Kagan Called Judicial Activist in Supreme Court Hearing, Democrats Cite Lack of Record
by Steven Ertelt
June 28, 2010
Washington, DC (LifeNews.com) — Supreme Court nominee Elena Kagan is drawing strong condemnation from Republicans on the Judiciary Committee in their opening statements on the first day of her nomination hearings. Even Democrats are pointing out she has little record on which to examine her judicial philosophy.
Jeff Sessions, the pro-life Alabama senator who is the lead GOP member of the committee, minced no words today in his opening statement.
"Kagan has never tried a case before a jury. She argued her first appellate case just nine months ago," he said. "She has barely practiced law, and not with the intensity and duration from which real understanding occurs."
"Kagan has less real legal experience of any nominee in at least fifty years. Its not just that she has never been a judge," he continued. "Kagan certainly has numerous talents and good qualities, but there are serious concerns about this nomination."
Sessions also pounded Kagan on abortion, saying "Kagan was also the point person for the Clinton Administrations efforts to block Congressional restrictions on partial-birth abortions."

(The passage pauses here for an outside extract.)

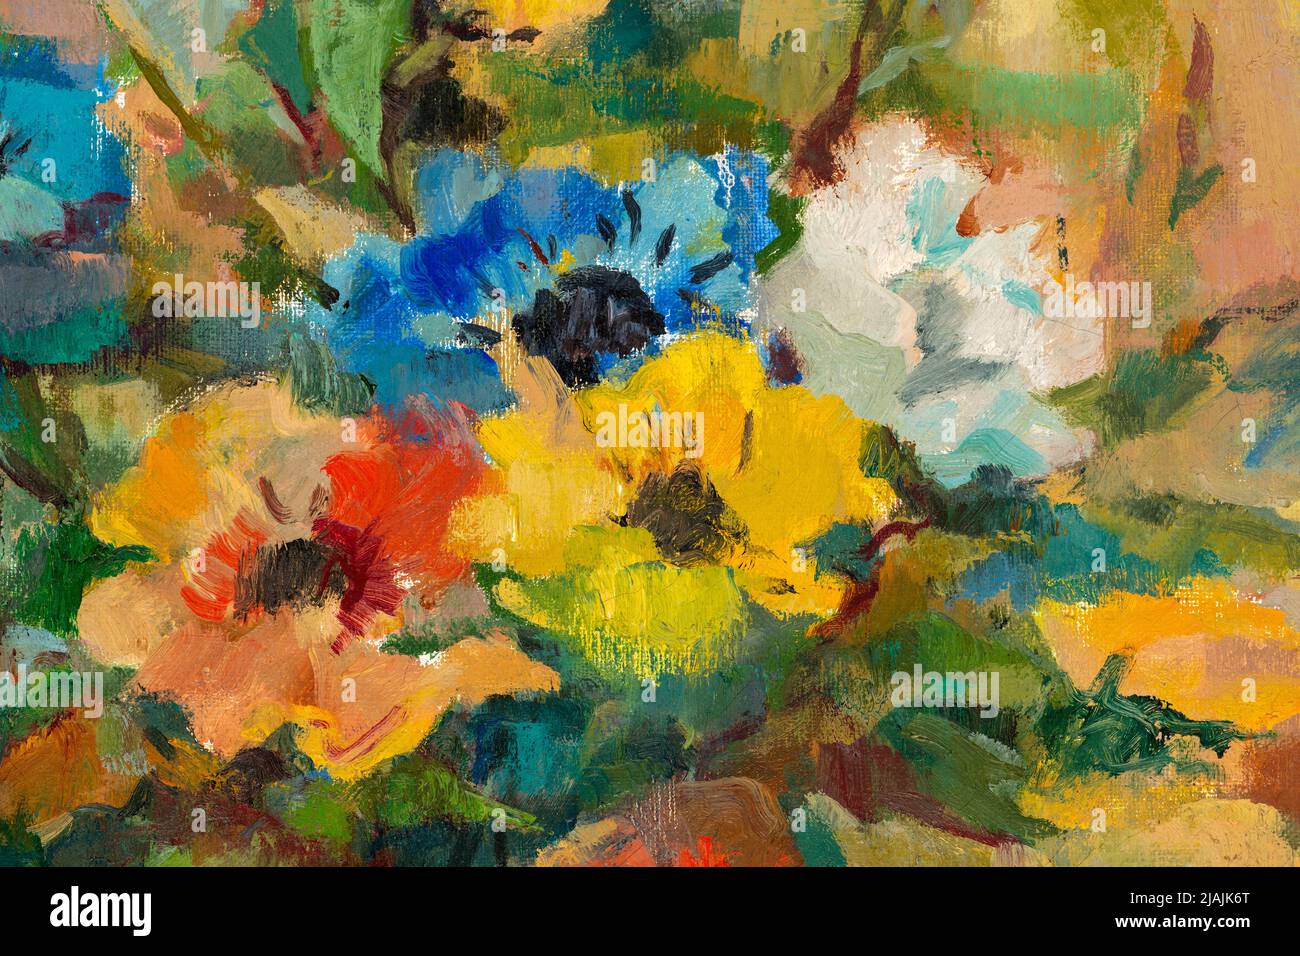 Nahaufnahme eines Ölgemäldes im impressionistischen Stil, das einen Strauß pastellfarbener Blumen darstellt. Stockfoto

"No individual … should be confirmed as a judge if she doesn’t understand that the judges role is to fairly settle disputes of law," Sessions added. "[T]throughout her career, Ms. Kagan has associated herself with well-known activist judges. These judges don’t deny activism; they advocate it. And they openly oppose the idea of a judge as a neutral umpire."

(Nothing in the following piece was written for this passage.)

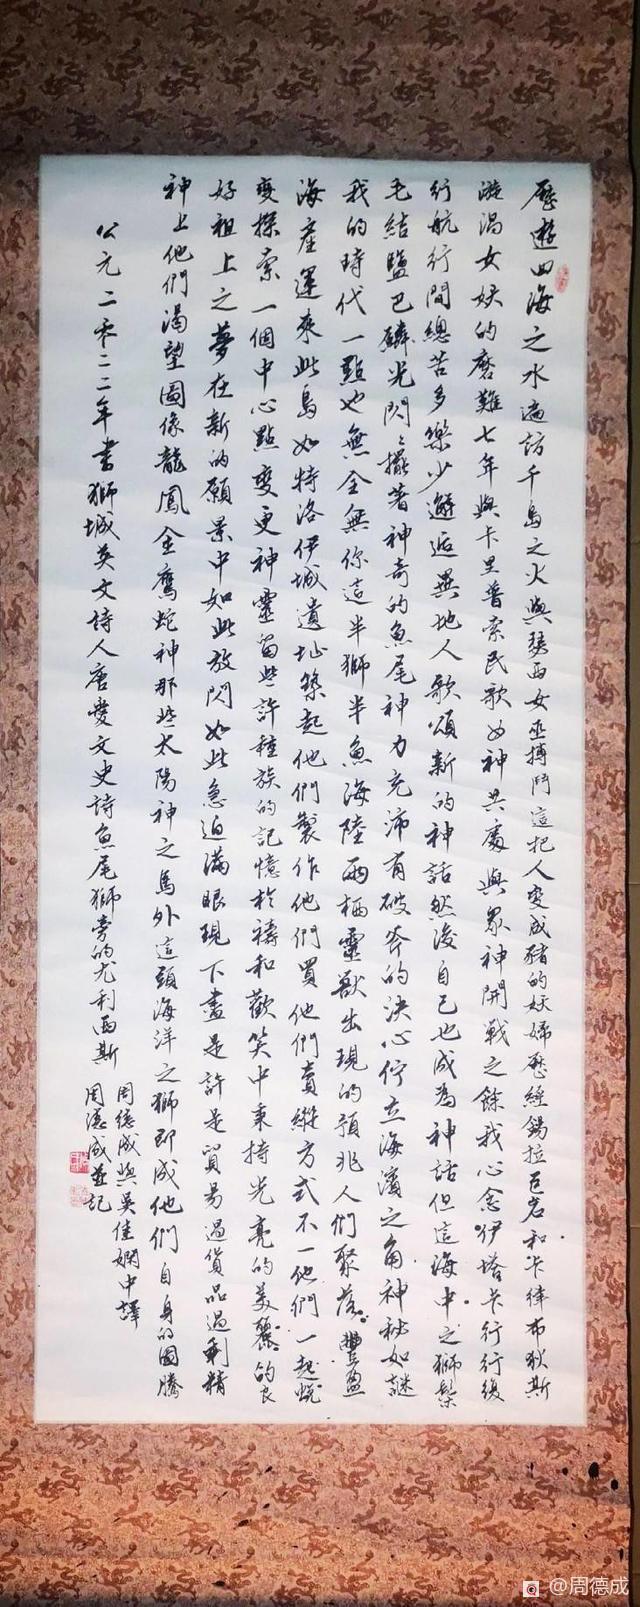 陳志銳 周德成以各語詩翻譯創作成書法繪畫 月底到國慶舉辦《詩的變形記》展

Kagan herself said she is qualified and said she would have an even-handed temperment on the Supreme Court. She said she would give "nothing less than a fair shake for every American."
She talked abotu how the Supreme Court safeguards "the rule of law, through a commitment to even-handedness, principle, and restraint."
Even pro-abortion Wisconsin Democrat Herb Kohl recognized some problems with Kagan, saying "your judicial philosophy is almost invisible to us."
"We have less evidence about what sort of judge you will be than on any nominee in recent memory," he said.
Senator Orrin Hatch joined in, asking Kagan, "Will you let the Constitution control you or will you try to control the Constitution?"
But pro-abortion Sen. Diane Feinstein of California said that if the biggest criticism of Kagan is that she has never been a judge, she said she finds that a "refreshing" development.
Meanwhile, pro-life Sen. Jon Kyl of Arizona called out the American Bar Association for calling Kagan well-qualified despite her not meeting their requisite 12 years of legal experience. Kyl argues judging Kagan’s fitness may "be more difficult" because of lack of judicial experience.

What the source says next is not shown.